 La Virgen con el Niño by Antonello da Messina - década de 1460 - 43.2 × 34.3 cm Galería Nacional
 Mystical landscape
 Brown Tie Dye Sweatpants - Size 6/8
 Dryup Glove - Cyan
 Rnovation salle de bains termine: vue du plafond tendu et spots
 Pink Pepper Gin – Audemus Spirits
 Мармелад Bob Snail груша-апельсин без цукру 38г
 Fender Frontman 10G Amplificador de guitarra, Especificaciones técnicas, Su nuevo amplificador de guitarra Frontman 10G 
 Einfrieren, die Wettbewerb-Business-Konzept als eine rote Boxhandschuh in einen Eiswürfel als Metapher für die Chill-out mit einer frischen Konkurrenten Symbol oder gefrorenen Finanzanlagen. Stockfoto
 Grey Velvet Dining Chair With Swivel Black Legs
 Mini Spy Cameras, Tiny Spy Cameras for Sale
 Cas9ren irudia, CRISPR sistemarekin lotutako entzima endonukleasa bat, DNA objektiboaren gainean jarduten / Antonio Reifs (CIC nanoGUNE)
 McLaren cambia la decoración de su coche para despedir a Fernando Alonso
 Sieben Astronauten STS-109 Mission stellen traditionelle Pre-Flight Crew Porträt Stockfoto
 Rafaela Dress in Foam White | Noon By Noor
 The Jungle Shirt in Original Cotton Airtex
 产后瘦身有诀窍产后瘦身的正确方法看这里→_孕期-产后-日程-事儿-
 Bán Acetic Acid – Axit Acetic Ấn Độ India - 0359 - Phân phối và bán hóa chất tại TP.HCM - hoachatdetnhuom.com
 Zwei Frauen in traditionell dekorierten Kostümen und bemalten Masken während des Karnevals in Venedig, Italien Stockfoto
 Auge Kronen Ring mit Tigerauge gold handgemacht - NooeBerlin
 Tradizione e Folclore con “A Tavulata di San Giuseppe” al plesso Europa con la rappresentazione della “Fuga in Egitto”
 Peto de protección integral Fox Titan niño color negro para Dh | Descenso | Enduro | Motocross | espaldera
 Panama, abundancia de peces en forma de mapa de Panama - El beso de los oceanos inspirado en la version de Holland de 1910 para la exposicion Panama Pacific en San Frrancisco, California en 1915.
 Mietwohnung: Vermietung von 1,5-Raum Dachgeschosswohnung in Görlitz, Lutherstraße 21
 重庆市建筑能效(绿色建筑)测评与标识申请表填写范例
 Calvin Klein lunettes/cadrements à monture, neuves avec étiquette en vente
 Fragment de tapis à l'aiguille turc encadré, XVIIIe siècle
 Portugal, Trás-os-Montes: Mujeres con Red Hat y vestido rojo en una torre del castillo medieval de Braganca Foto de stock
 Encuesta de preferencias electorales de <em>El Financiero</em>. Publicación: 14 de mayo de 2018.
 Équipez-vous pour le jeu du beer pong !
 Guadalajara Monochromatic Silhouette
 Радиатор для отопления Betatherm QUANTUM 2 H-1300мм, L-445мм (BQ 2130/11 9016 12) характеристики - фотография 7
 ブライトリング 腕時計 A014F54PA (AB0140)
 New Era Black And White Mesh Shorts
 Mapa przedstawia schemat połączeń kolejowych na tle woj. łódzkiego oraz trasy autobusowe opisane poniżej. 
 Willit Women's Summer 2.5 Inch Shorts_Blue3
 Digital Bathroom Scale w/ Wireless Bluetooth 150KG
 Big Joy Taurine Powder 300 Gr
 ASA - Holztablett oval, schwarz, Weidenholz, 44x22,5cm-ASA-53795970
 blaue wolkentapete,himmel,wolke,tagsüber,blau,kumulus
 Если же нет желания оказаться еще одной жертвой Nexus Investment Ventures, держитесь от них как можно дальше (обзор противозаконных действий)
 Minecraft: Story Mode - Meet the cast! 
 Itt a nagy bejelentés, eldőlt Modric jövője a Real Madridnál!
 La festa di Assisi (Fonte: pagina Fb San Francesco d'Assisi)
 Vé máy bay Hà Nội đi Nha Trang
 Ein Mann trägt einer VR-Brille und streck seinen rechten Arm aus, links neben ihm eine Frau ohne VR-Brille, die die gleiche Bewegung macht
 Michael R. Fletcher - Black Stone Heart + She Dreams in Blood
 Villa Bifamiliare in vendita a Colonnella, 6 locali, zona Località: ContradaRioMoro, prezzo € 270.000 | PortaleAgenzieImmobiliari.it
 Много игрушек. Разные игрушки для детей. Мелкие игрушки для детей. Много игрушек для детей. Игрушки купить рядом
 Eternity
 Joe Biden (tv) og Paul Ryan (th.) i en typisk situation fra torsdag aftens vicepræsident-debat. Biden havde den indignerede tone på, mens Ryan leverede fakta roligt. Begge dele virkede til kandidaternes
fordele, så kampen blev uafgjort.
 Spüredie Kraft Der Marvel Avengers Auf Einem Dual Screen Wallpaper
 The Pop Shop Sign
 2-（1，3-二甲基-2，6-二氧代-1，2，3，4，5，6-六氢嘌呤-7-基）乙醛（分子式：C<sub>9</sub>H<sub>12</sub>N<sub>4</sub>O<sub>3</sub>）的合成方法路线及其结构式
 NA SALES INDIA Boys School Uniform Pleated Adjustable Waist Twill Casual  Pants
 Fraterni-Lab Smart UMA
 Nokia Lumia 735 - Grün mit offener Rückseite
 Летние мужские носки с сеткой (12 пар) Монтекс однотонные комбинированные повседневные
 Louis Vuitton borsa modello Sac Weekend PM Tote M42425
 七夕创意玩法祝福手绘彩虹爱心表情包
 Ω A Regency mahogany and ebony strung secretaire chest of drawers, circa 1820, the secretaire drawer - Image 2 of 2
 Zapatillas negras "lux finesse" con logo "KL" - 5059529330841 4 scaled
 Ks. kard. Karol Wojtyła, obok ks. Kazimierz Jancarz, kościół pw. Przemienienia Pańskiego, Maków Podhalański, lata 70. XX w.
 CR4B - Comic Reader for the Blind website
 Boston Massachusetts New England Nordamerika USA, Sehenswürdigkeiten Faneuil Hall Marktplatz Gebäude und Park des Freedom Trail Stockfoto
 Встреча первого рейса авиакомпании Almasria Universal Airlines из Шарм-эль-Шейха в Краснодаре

━━━━━━━━

### What you are asked to do
Please give an exact copy of the lines above, beginning with the line containing "Zwei Frauen in" and running through the line containing "Équipez-vous pour le jeu du beer pong !", and of no other lines.

### Solution for this problem
 Zwei Frauen in traditionell dekorierten Kostümen und bemalten Masken während des Karnevals in Venedig, Italien Stockfoto
 Auge Kronen Ring mit Tigerauge gold handgemacht - NooeBerlin
 Tradizione e Folclore con “A Tavulata di San Giuseppe” al plesso Europa con la rappresentazione della “Fuga in Egitto”
 Peto de protección integral Fox Titan niño color negro para Dh | Descenso | Enduro | Motocross | espaldera
 Panama, abundancia de peces en forma de mapa de Panama - El beso de los oceanos inspirado en la version de Holland de 1910 para la exposicion Panama Pacific en San Frrancisco, California en 1915.
 Mietwohnung: Vermietung von 1,5-Raum Dachgeschosswohnung in Görlitz, Lutherstraße 21
 重庆市建筑能效(绿色建筑)测评与标识申请表填写范例
 Calvin Klein lunettes/cadrements à monture, neuves avec étiquette en vente
 Fragment de tapis à l'aiguille turc encadré, XVIIIe siècle
 Portugal, Trás-os-Montes: Mujeres con Red Hat y vestido rojo en una torre del castillo medieval de Braganca Foto de stock
 Encuesta de preferencias electorales de <em>El Financiero</em>. Publicación: 14 de mayo de 2018.
 Équipez-vous pour le jeu du beer pong !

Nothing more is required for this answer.